In The Judge Rotenberg Educational Center, Inc. v. United States Food and Drug Administration, the U.S. Court of Appeals for the D.C. Circuit overturned a 2020 Food and Drug Administration (“FDA”) rule banning the use of electrical stimulation devices to treat patients suffering from severe self-injurious and aggressive behaviors. The court concluded the FDA did not have the legal authority to ban the particular use of an approved device.

The appeal was sought by The Judge Rotenberg Educational Center (“Center”) and the parents and guardians of its patients, arguing that the FDA lacked the authority to ban the use of approved medical devices for a particular purpose. Prior to the FDA’s ban, the Center used FDA-approved electrical stimulation devices to treat patients suffering from severe mental disabilities who did not respond to conventional behavioral and pharmacological practices. These patients exhibited self-injurious behaviors such as self-biting and head-banging extreme enough to cause self-inflicted brain trauma, broken and protruding bones and blindness. The Center was subject to extensive regulation, including federal regulations for Class II devices and state regulations requiring certification by multiple providers and ratification by peer review and human rights committees. While the Center was the only facility in the U.S. to use electric shock therapy to treat individuals suffering from severe self-injurious and aggressive behaviors, other health care practitioners used the devices to treat a variety of other conditions, such as tobacco, alcohol, drug addictions and inappropriate sexual behaviors following traumatic brain injuries. Based on evidence from medical literature and program data, the FDA concluded that electrical stimulation devices present a substantial and unreasonable risk to self-injurious patients.

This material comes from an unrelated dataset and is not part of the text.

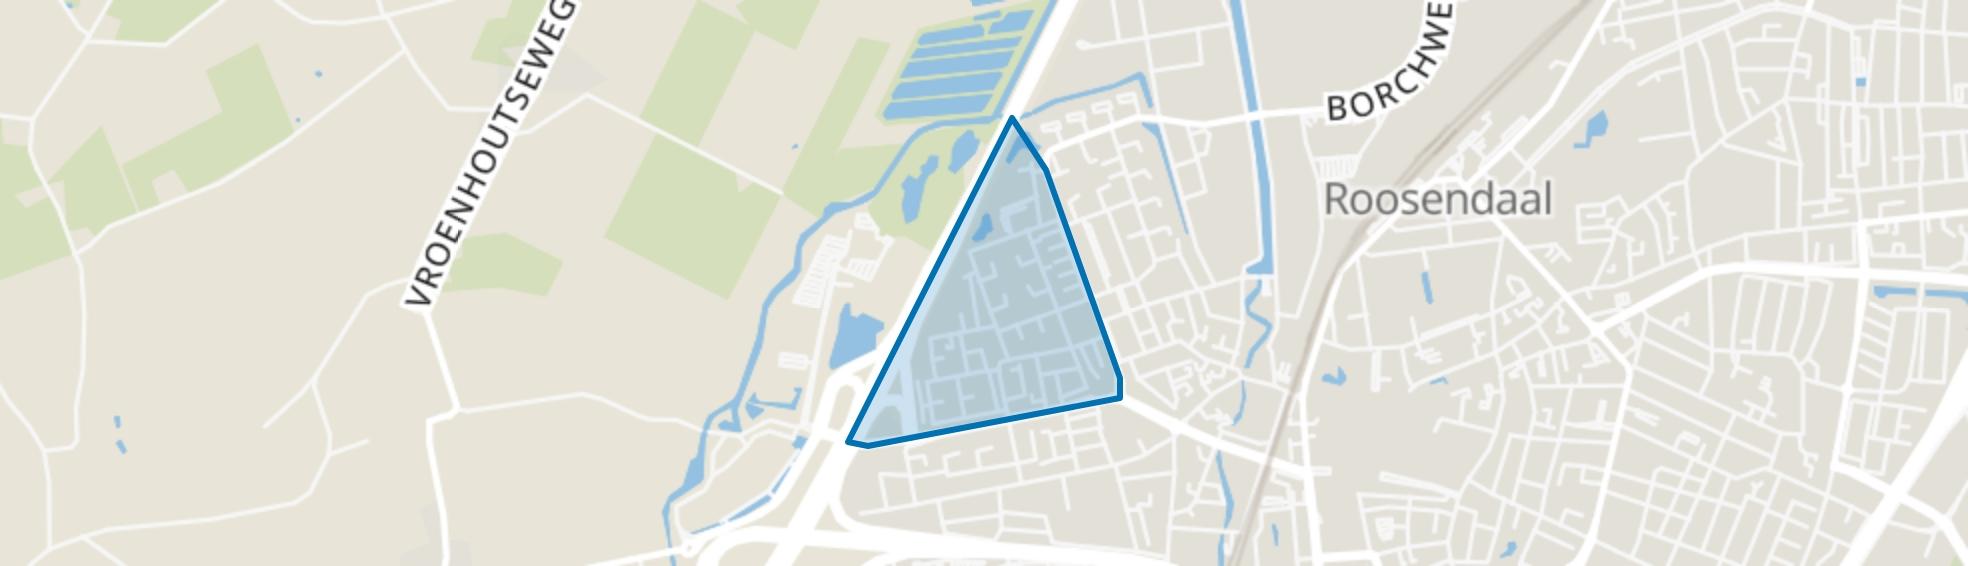 Ettingen, Roosendaal map

The court considered two statutes from the Food, Drug, and Cosmetic Act (the “Act”), 21 U.S.C. § 360f and 21 U.S.C. § 396. While § 360f authorizes the FDA to ban medical devices, § 396 denies the agency the authority to “limit or interfere with the authority of a health care practitioner to prescribe or administer any legally marketed device to a patient for any condition or disease within a legitimate health care practitioner-patient relationship.” Finding that the statutes are unambiguous, the court concluded that, subject to state regulation, “Section 396 protects the liberty of doctors and patients to use approved devices in any manner they wish,” reasoning that a use-specific ban both limits and interferes with a practitioner’s authority by restricting the use of approved devices. The court also noted that the Tenth Amendment of the U.S. Constitution reserves powers not delegated to the federal government for the states, and that the states have traditionally regulated the practice of medicine. The FDA would need a clear grant of authority to enact use-specific bans, and, far from granting such authority, the Act explicitly withheld it. The court accordingly vacated the rule.

Practical Takeaways

While the FDA may place an outright ban on a medical device pursuant to 21 U.S.C. § 360f of the Act, the D.C. Circuit has determined that the agency lacks authority to ban a particular use of an approved medical device.

This case is likely to serve as important precedent in resolving future disagreements about the practice of medicine between health care entities and regulating agencies—especially federal agencies.